Kernel Bug Tracker – Bug 51031
USB attached SCSI loops the scsi stack
Last modified: 2013-11-19 18:37:54 UTC
Created attachment 87331 [details]
syslog kernel output
Connecting my Dell 1TB portable external hard drive USB 3.0 PDA1000B to my USB 3.0 computer causes serious problems to the SCSI stack. Attached is the log when connecting and disconnecting the device.
The uas/scsi stack seems to not be able to get out an infinite loop. The system is not even able to halt cleanly (dunno why, but it stops after mount / readonly on gentoo).
Oh there is a known workaround, blacklisting the uas module.
Created attachment 87341 [details]
lsusb -vvv for the device
This is the output of lsusb -vvv -d 413c:9013
I'm going to test 3.7-rc6 to see if it works
3.7-rc6 is broken too :(
Enrico: as a quick work-around, can you blacklist the uas driver and just use the usb-storage driver?
As root, add a file to /etc/modprobe.d/ called blacklist-uas.conf. Add the line:
Then reboot your computer.
That should allow you to use your USB 3.0 hard drive without the UAS protocol, under the standard Bulk-only-Transport (BOT) protocol.
The uas driver is pretty beta, and I'm not sure when I'll have time to track down this bug.
Hi Sarah, thanks for the reply. As I said in comment #1 yes I can just blacklist uas and it works.
It is ok if uas is beta, but I would suggest to make it not autoloading and tag it as EXPERIMENTAL in the kernel config. Moreover if you don't have time to fix those kind of bugs quickly. So please at least make it not offensive for the common user, but do that quickly. I want to be clear: I didn't loaded uas, it autoloaded.
The EXPERIMENTAL tag is being removed from the kernel kconfig system. I did inform the major Linux distribution kernel teams (Suse, Ubuntu, Red Hat) that they should blacklist the uas driver. Sorry to cause you trouble.
No problem. Didn't know that is is being removed. Well then I suggest to add a warning in the config docs. No need to cause pain to non major Linux distribution users like me :). We exist and we want the same QA as others :). I use gentoo linux and I roll my own config for the kernel. There is no mention in the help about this not stable status.

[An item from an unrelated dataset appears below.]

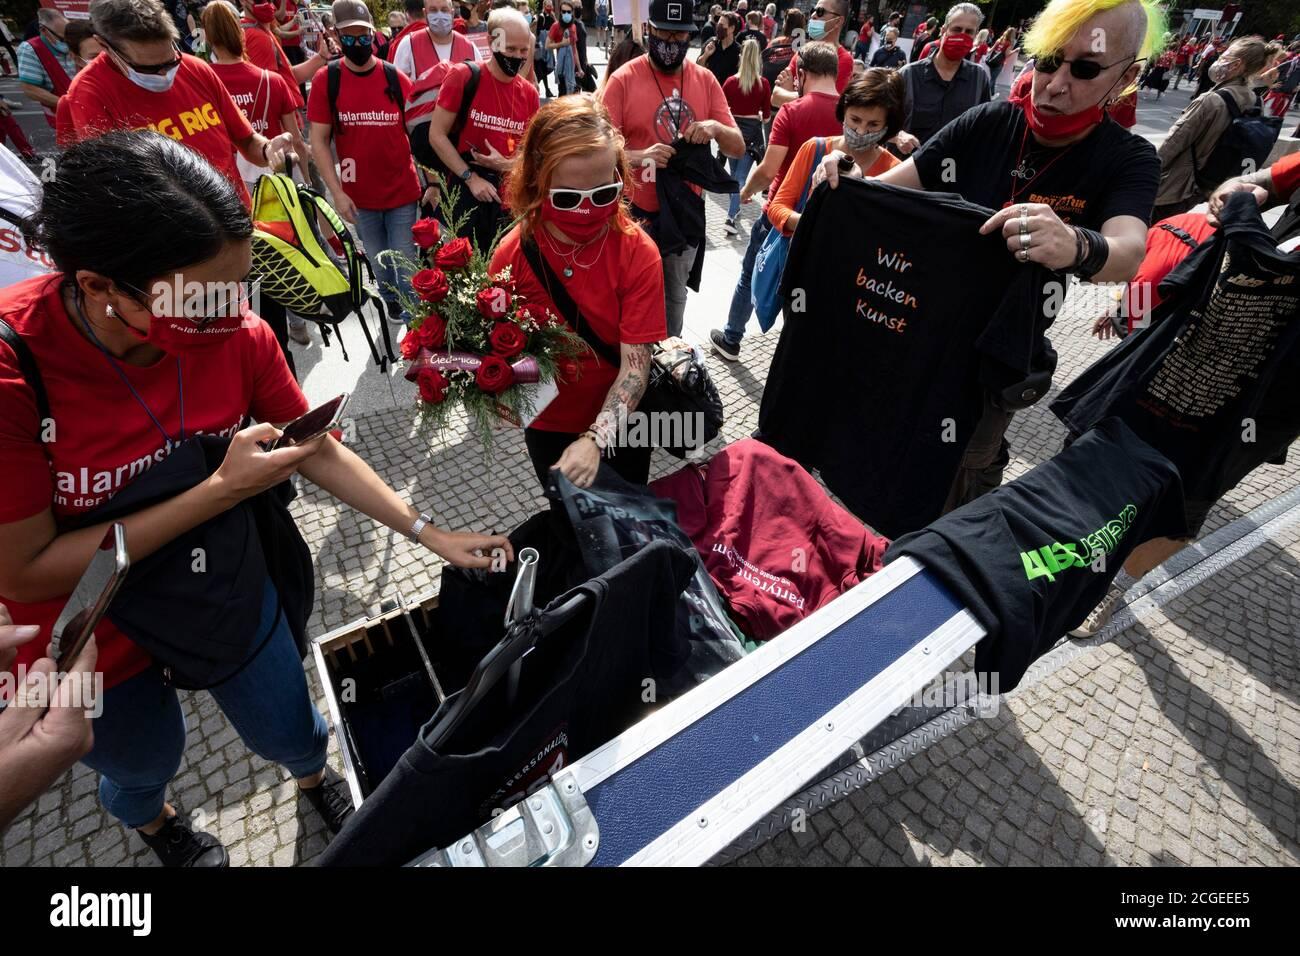 Berlin, Deutschland. September 2020. Red Alert Protest von Menschen, die von der Schließung von kulturellen Organisationen und Veranstaltungen aufgrund der Coronavirus-Krise betroffen. Menschen spenden T-Shirts von einer Veranstaltung für eine Mahnwache vor dem Reichstag. Stockfoto

Also "If you don't know whether you have a UAS device, it is safe to
say 'Y' or 'M' here and the kernel will use the right driver." suggest the user it is totally safe to use it.
Thank you. Cheers
On Tue, Nov 27, 2012 at 09:10:44PM +0000, firstname.lastname@example.org wrote:
> The EXPERIMENTAL tag is being removed from the kernel kconfig system. I did
> inform the major Linux distribution kernel teams (Suse, Ubuntu, Red Hat) that
> they should blacklist the uas driver. Sorry to cause you trouble.
If the driver is that broken, please make it depend on CONFIG_BROKEN
then, having it cause these kinds of problems isn't ok.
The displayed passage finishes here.